Activity → Your task is to copy the listing exactly. Drop any pictures from the copy.

Available data →

*** Begin section ***

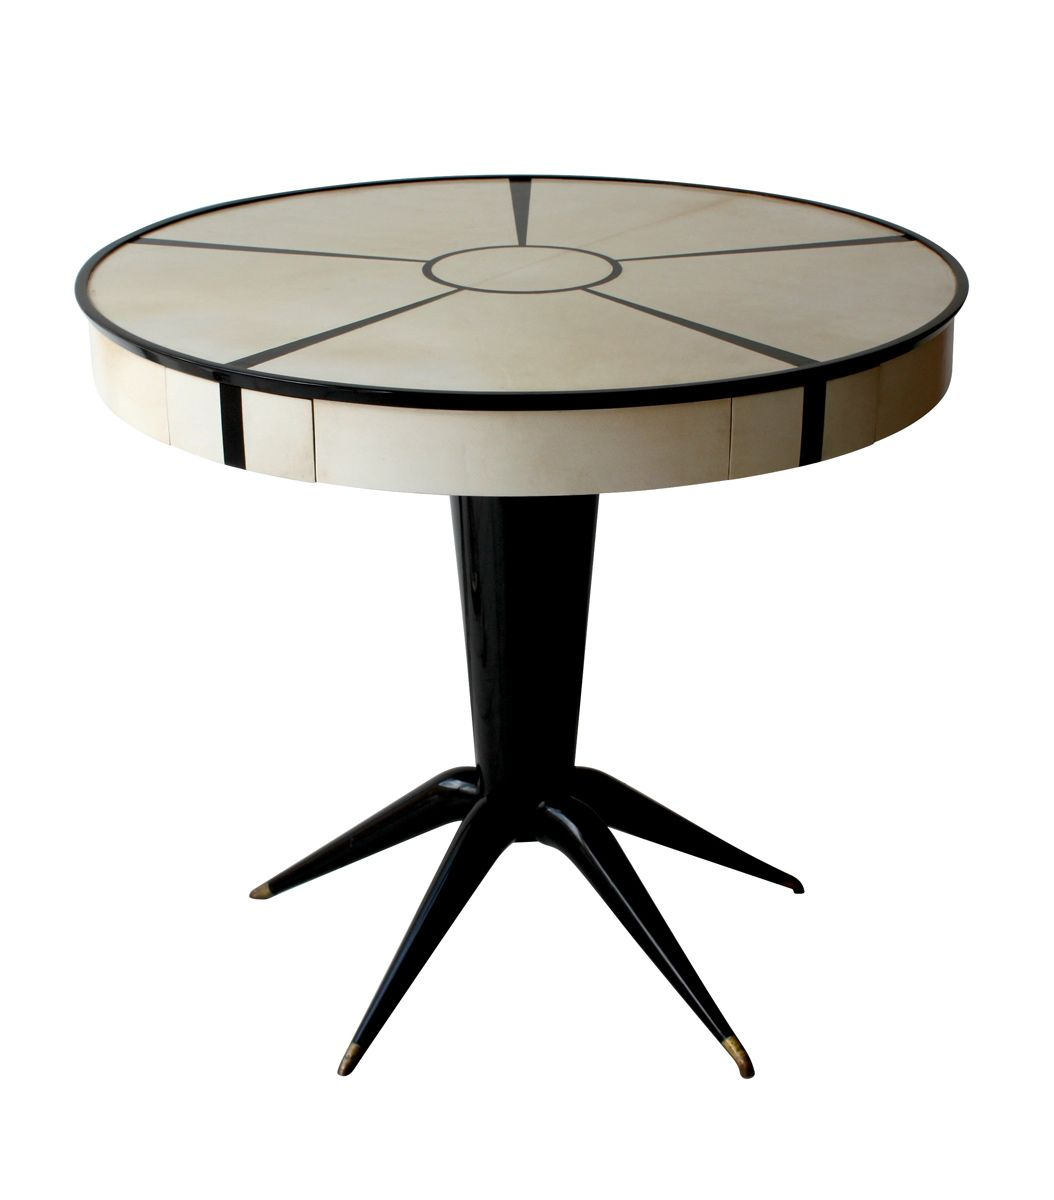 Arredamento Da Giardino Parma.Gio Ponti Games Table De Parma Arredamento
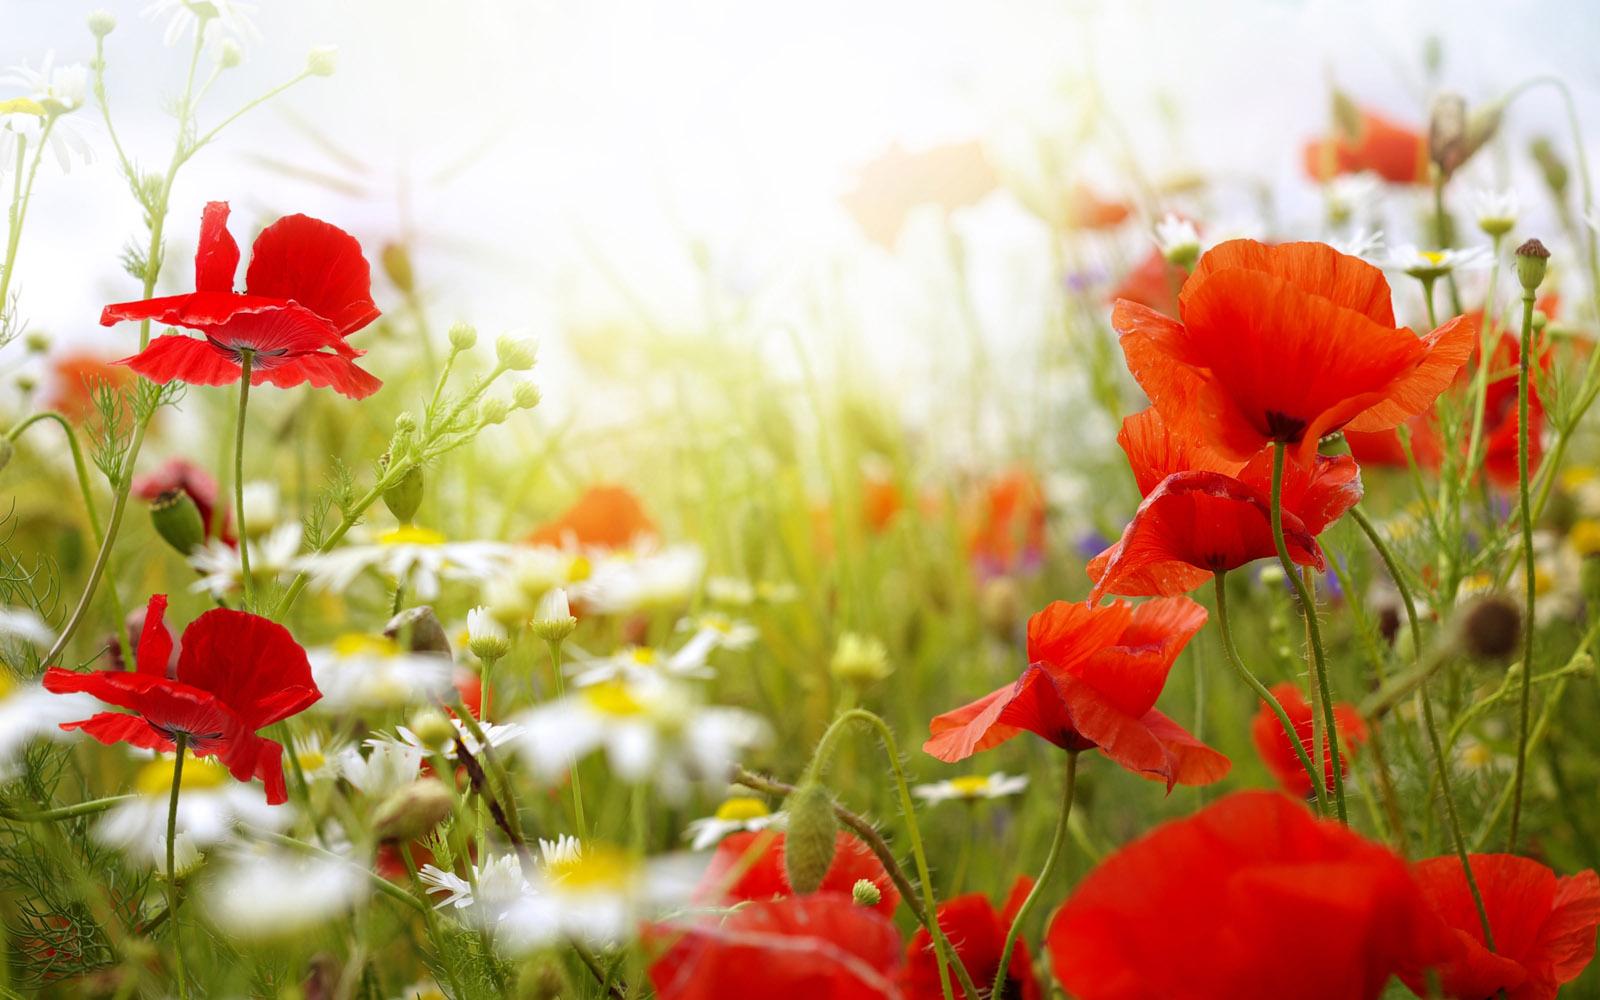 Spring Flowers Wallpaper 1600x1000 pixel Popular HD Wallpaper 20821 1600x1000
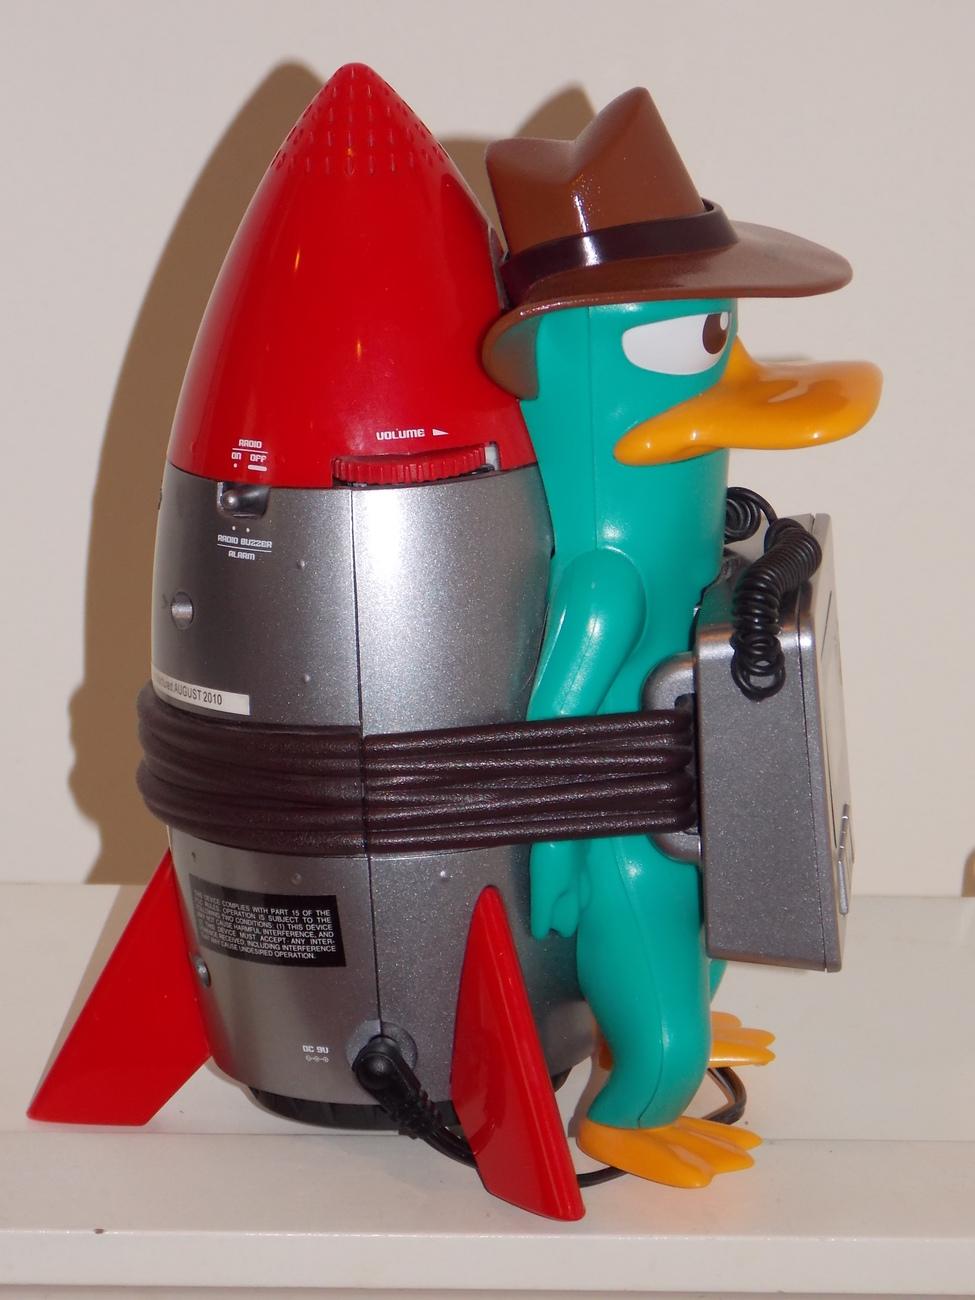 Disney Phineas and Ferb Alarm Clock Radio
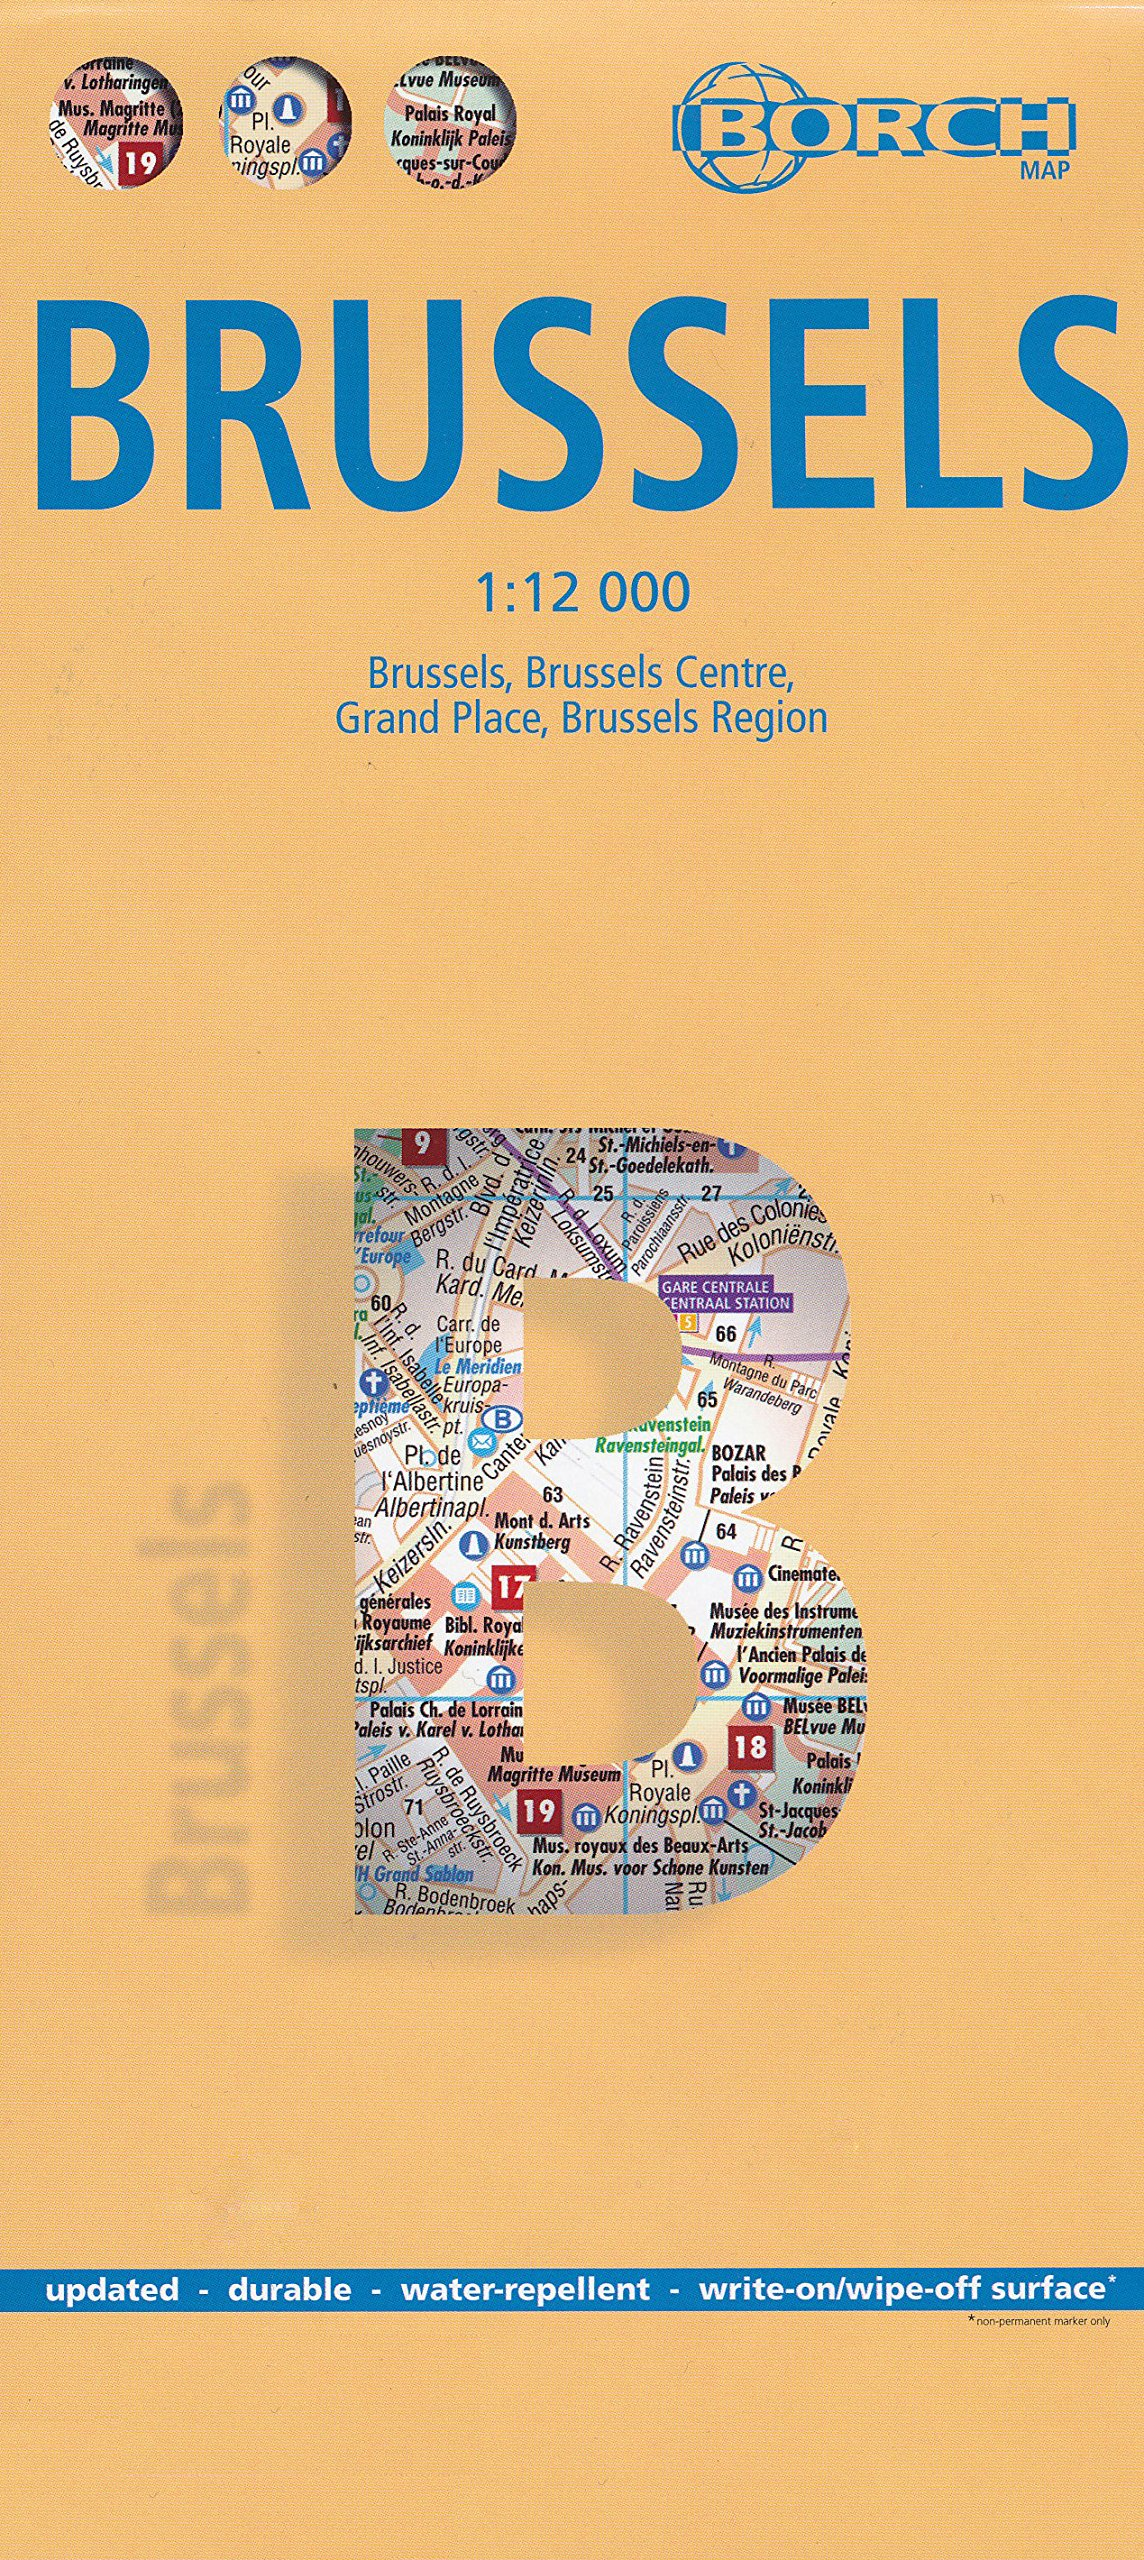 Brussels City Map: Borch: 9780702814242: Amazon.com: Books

*** End section ***

Response →
 Arredamento Da Giardino Parma.Gio Ponti Games Table De Parma Arredamento
 Spring Flowers Wallpaper 1600x1000 pixel Popular HD Wallpaper 20821 1600x1000
 Disney Phineas and Ferb Alarm Clock Radio
 Brussels City Map: Borch: 9780702814242: Amazon.com: Books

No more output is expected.